On Tuesday 15 May 2012 00:44:08 Jonathan Nieder wrote:
> David Baron wrote:
> > This is kind of large but here it is
> 
> Thanks!
> 
> [...]
> 
> > [    6.700526] [drm] Initialized nouveau 0.0.16 20090420 for 0000:01:00.0
> > on minor 0 [    7.208063] snd_ens1371 0000:04:0b.0: BAR 0: set to [io 
> > 0xdf00-0xdf3f] (PCI address [0xdf00-0xdf3f]) [    7.208826] snd_ens1371
> > 0000:04:0b.0: PCI INT A -> GSI 23 (level, low) -> IRQ 23 [    7.366048]
> > nvidia: module license 'NVIDIA' taints kernel.
> > [    7.366800] Disabling lock debugging due to kernel taint
> > [    8.025924] NVRM: The NVIDIA probe routine was not called for 1
> > device(s). [    8.026809] NVRM: This can occur when a driver such as
> > nouveau, rivafb, [    8.026811] NVRM: nvidiafb, or rivatv was loaded and
> > obtained ownership of [    8.026813] NVRM: the NVIDIA device(s).
> > [    8.029549] NVRM: Try unloading the conflicting kernel module (and/or
> 
> Probably blacklisting the nvidia driver through /etc/modprobe.d would
> prevent these messages about the same.  But I don't think it's the
> cause of the problem.
> 
These messages happen because Nouveau grabs the interfac unless IT is 
blacklisted or nomodeset

> [...]
> 
> > [ 2656.878112] ABORTED IN=eth2 OUT=
> > MAC=00:e0:4c:68:00:c5:00:90:8f:2c:50:c9:08:00 SRC=208.83.137.114
> > DST=10.100.101.101 LEN=40 TOS=0x00 PREC=0x00 TTL=47 ID=61218 DF
> > PROTO=TCP SPT=2703 DPT=9081 SEQ=1749643406 ACK=716693663 WINDOW=46
> > RES=0x00 ACK RST URGP=0 [ 2956.105668] CPU0: Core temperature above
> > threshold, cpu clock throttled (total events = 1) [ 2956.105692] CPU1:
> > Core temperature above threshold, cpu clock throttled (total events = 1)
> > [ 2956.106875] CPU0: Core temperature/speed normal
> > [ 2956.106884] CPU1: Core temperature/speed normal
> > [ 2999.988022] [Hardware Error]: Machine check events logged
> 
> (once)
> 
> Was the machine especially active, or is there a cooling problem?

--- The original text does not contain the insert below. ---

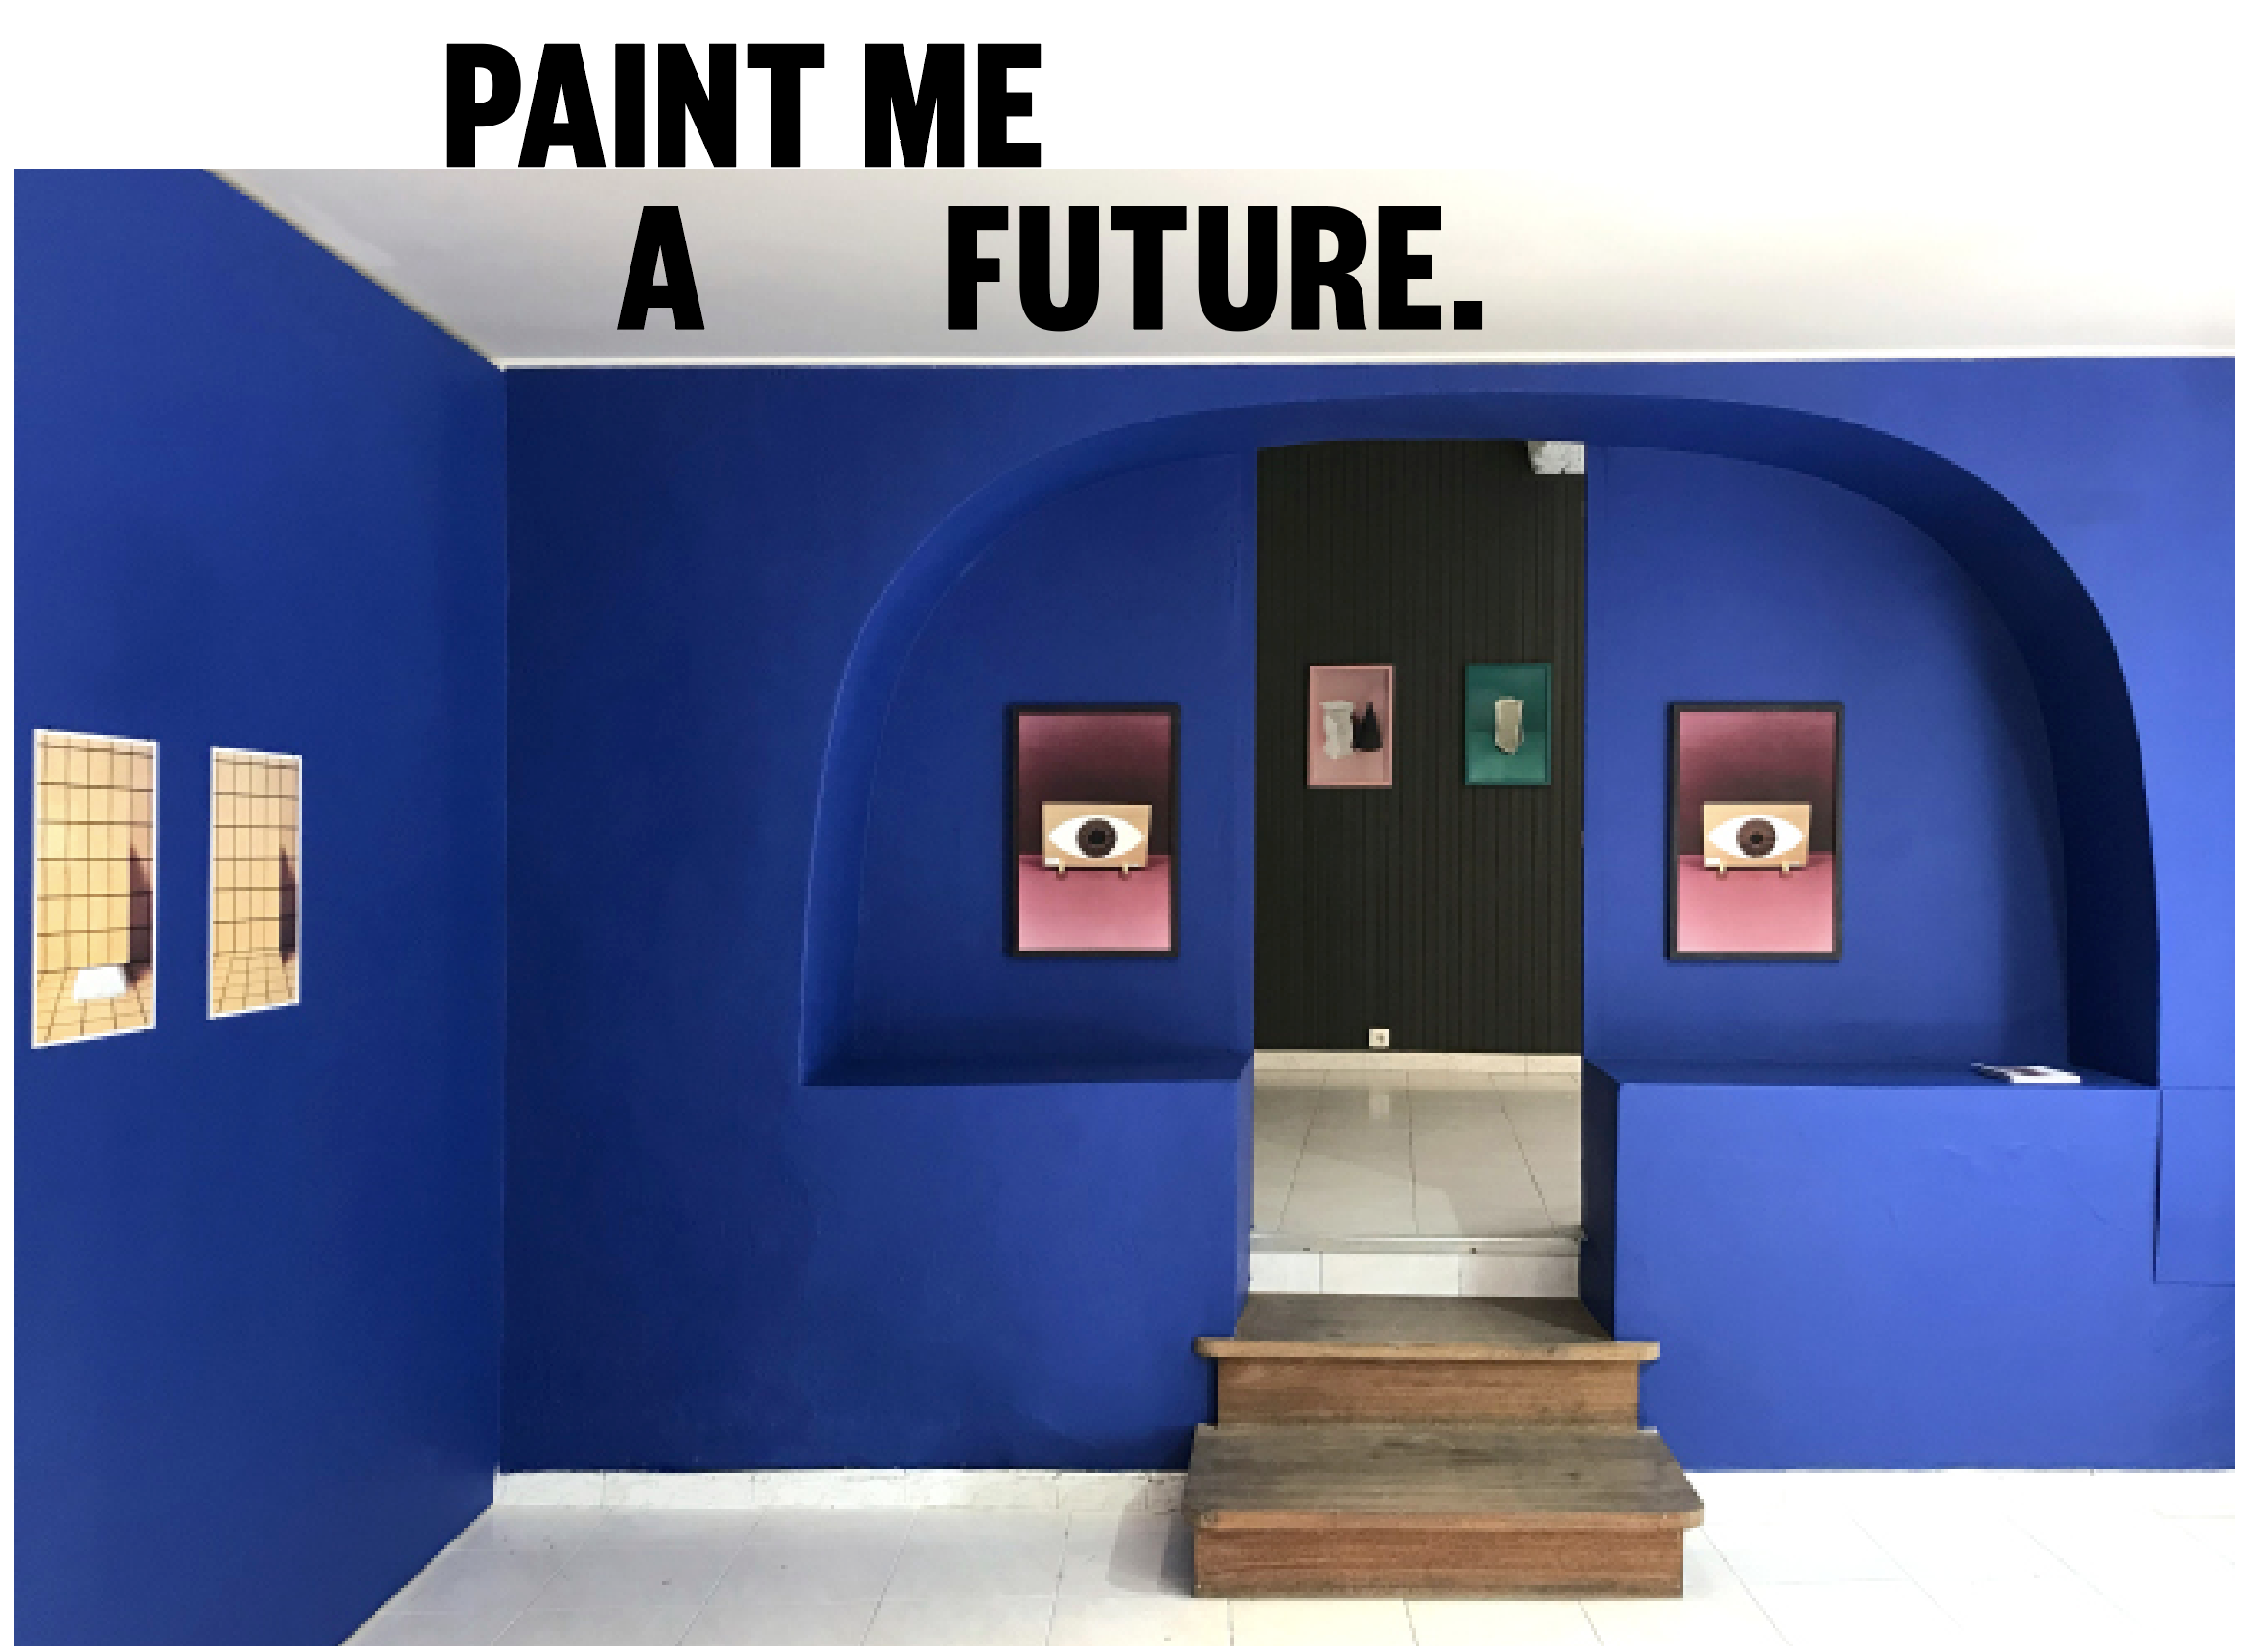 Paint me a future
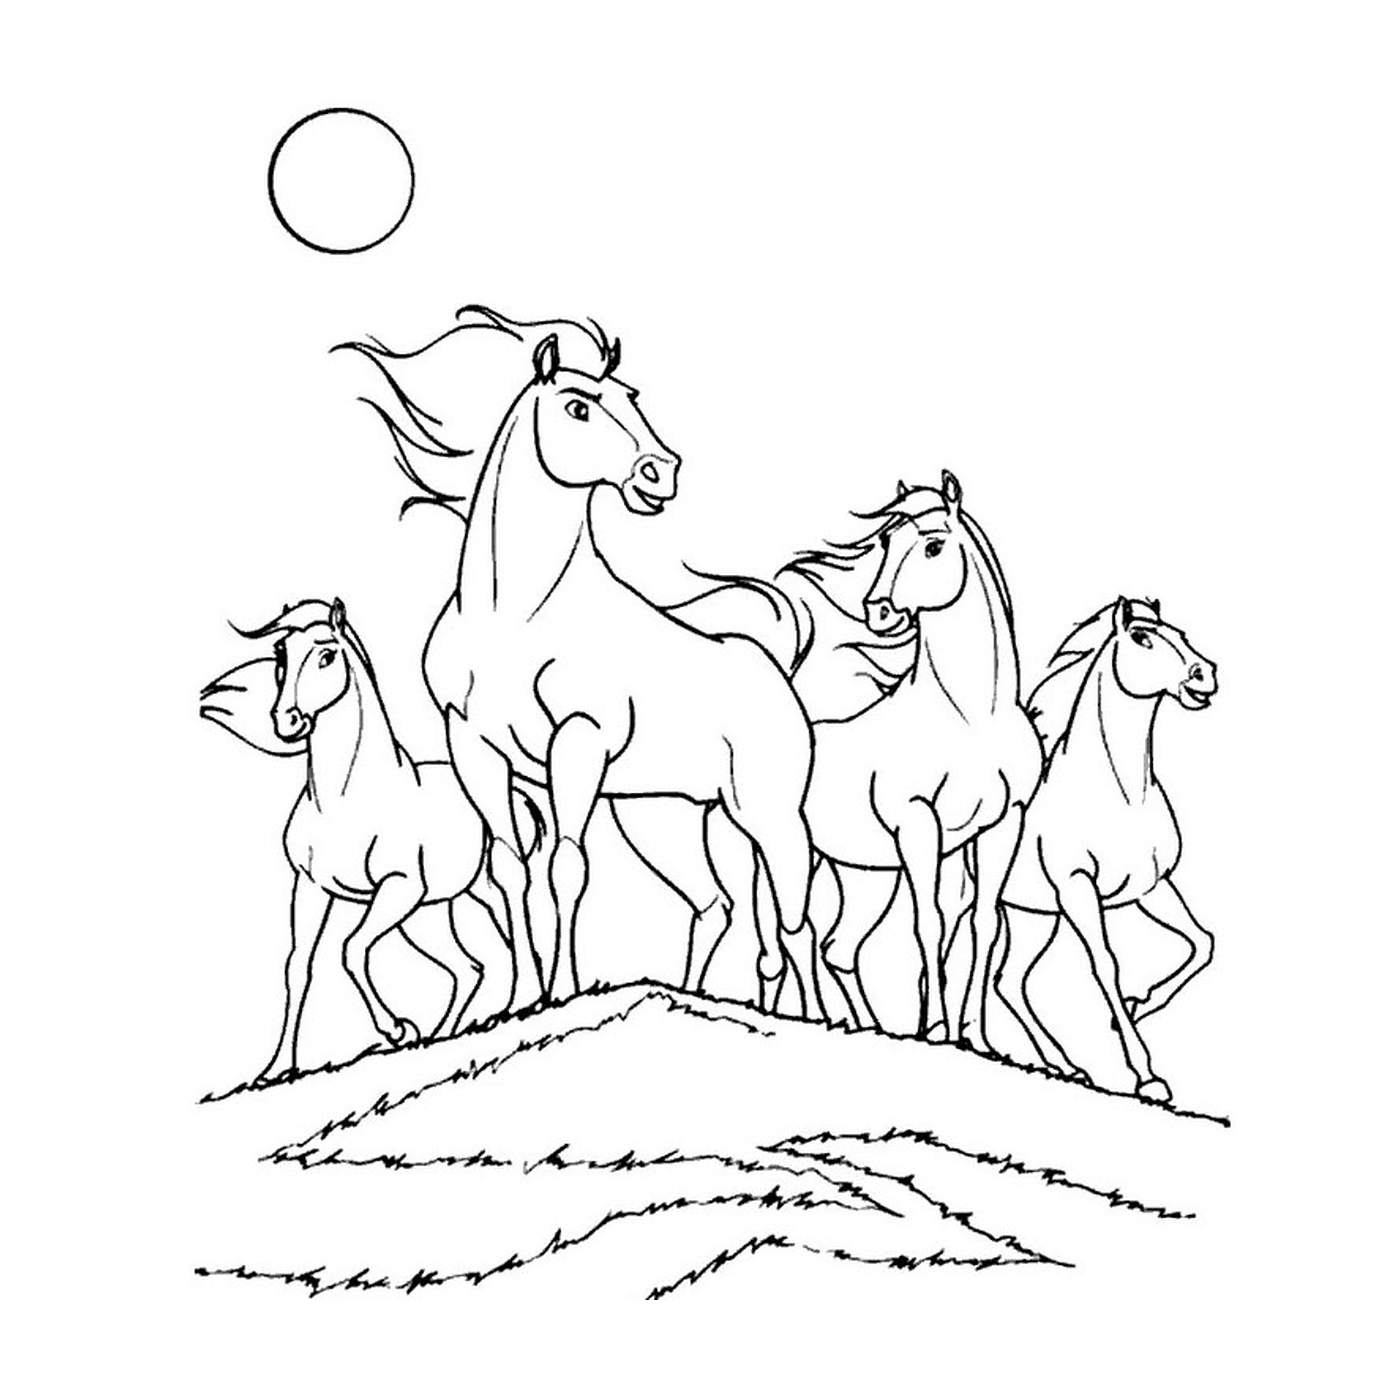  Группа лошадей стоит на травяном холме

These happen a lot, seem not to be dependent on room temperature. The CPU fan 
works, I have de-dusted it, the case is open and still.

There is a "temp1 at  55 c listed on PCI adapter. It seems rock steady, too 
steady! I can get it to 59-60 on a heavy 3d hw-accelerated graphics game. 
Maybe this sensor is on the nvidia pci-express card, not the cpu!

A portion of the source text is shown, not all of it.